# Who's made the paper



## Darkside (Aug 6, 2007)

My neighbor asked if she could call the paper. I was hesitant, but eventually said it was fine.
I was wondering who all has had articles in the paper and if you have posted somewhere.


----------



## Death Wraith (Mar 23, 2006)

Two years ago was our first time setting-up with tombstones, fog machine, lightning, etc and we had a picture on the front page. Nothing since then.

DW


----------



## trishaanne (Aug 20, 2005)

Our newspaper stopped putting in articles about human haunters and decided that the way to go was to send in pictures of your pets in costumes!  However, before they changed their policy, we were in the small local paper 3 years ago and the major newspaper 2 years ago. I was surprised how far people drove to see our stuff after seeing it in the paper.


----------



## JohnnyL (Aug 17, 2006)

Was featured on the front page of the North County Times here in San Diego county. They even had be cutout at the top by the logo. 

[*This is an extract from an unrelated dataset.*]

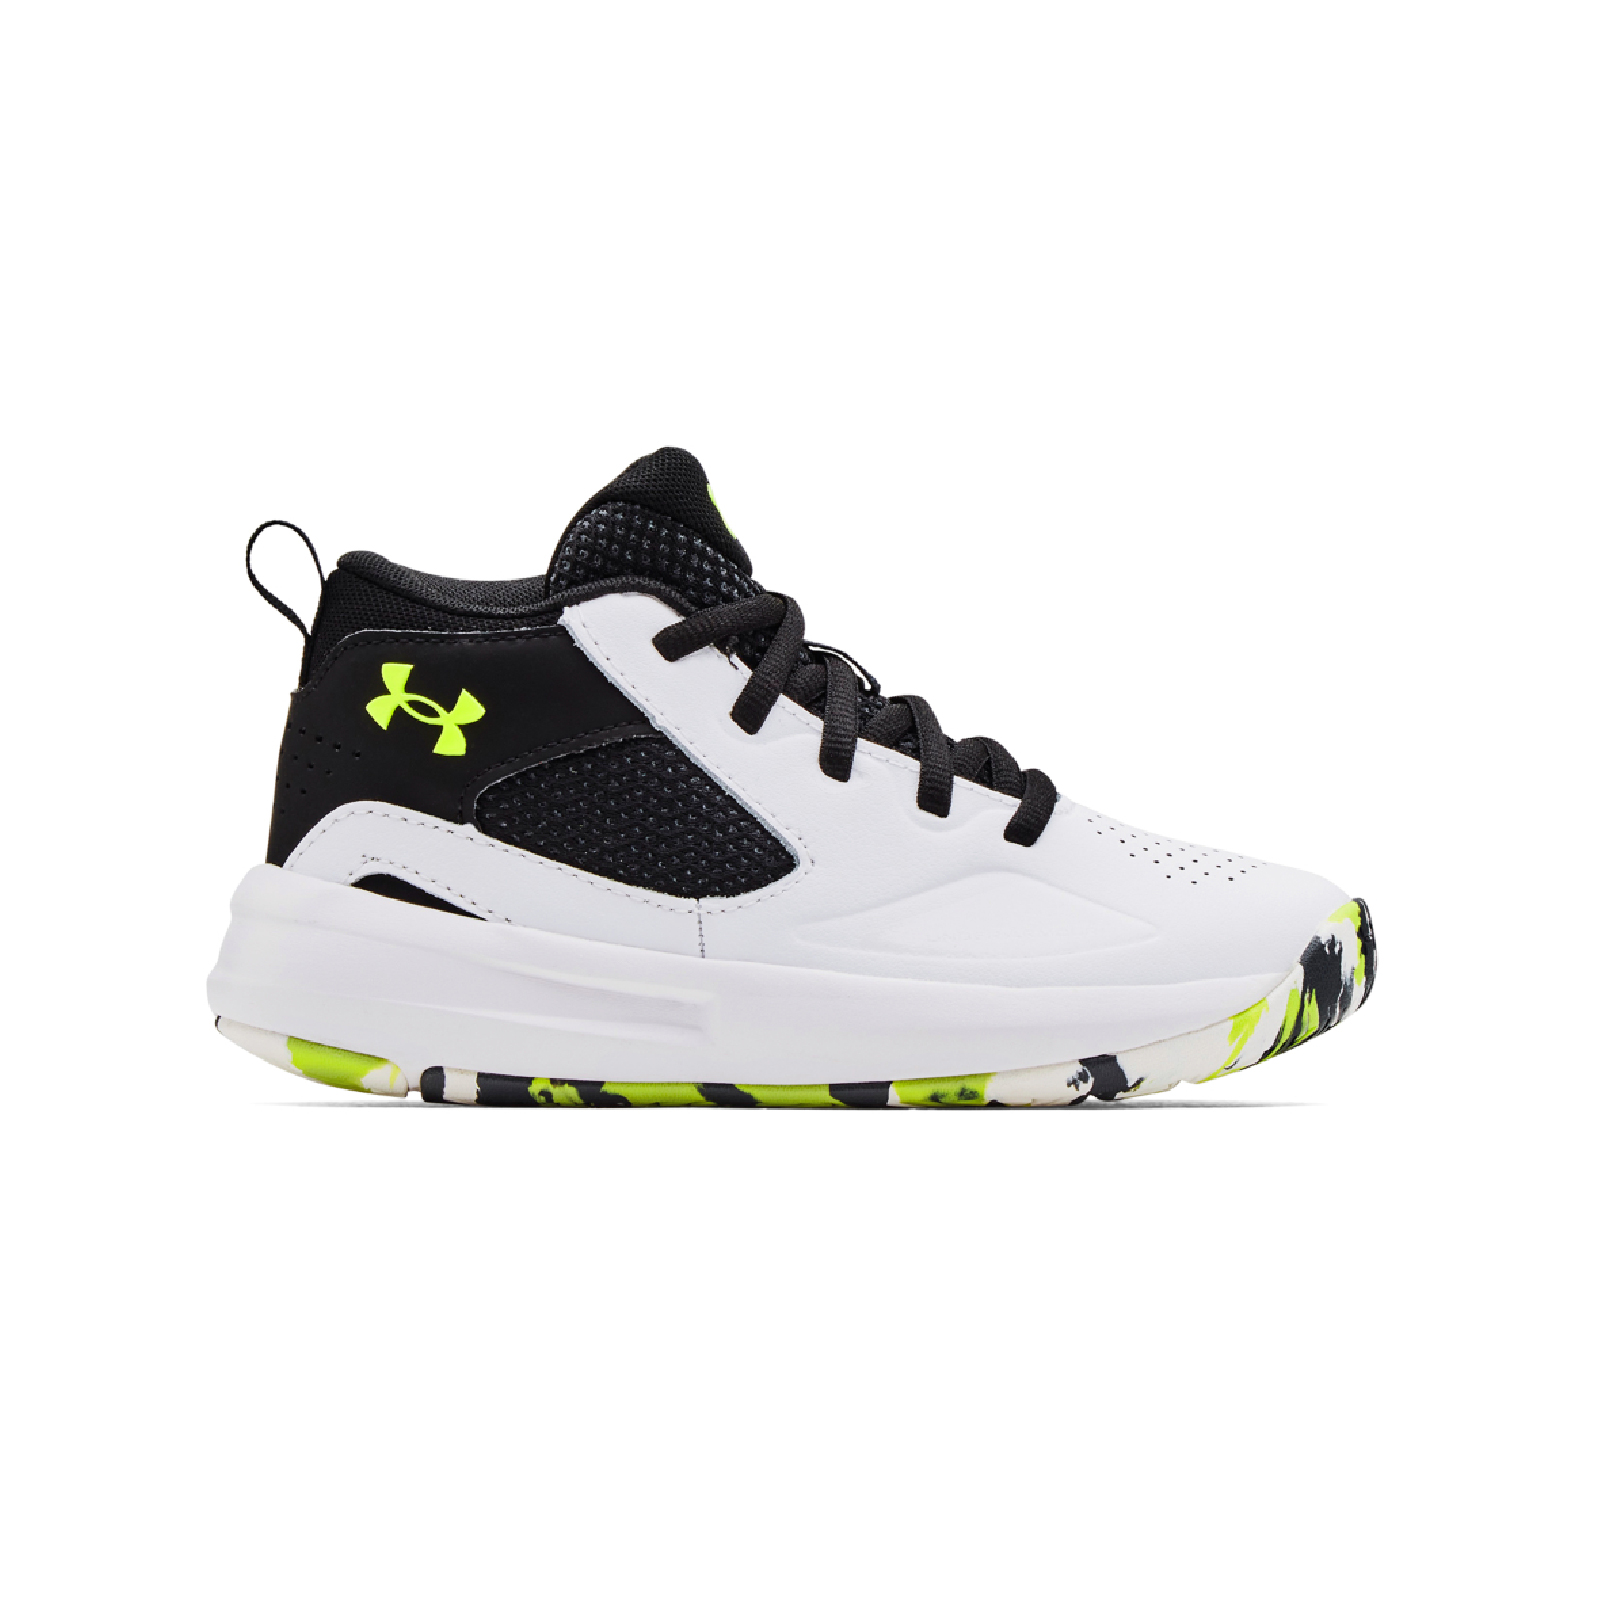 Under Armour - 3023534 UA PS LOCKDOWN 5 - 102/9373 Παιδικά > Παπούτσια > Αθλητικά > Παπούτσι Mid Cut

I'll have to some day scan that in.


----------



## Front Yard Fright (Dec 23, 2005)

We actually made our local paper here today!
I am going to be interviewed tomorrow by a major paper,
And then there is talk about us getting on the news!
This year is going to be great!
.


----------



## kevin242 (Sep 30, 2005)

I made page three of my local paper last year, I have it posted on my blog if anyone wants to read it.


----------



## Darkside (Aug 6, 2007)

Good write-up Kevin.
Front Yard Fright - How did yours go?


----------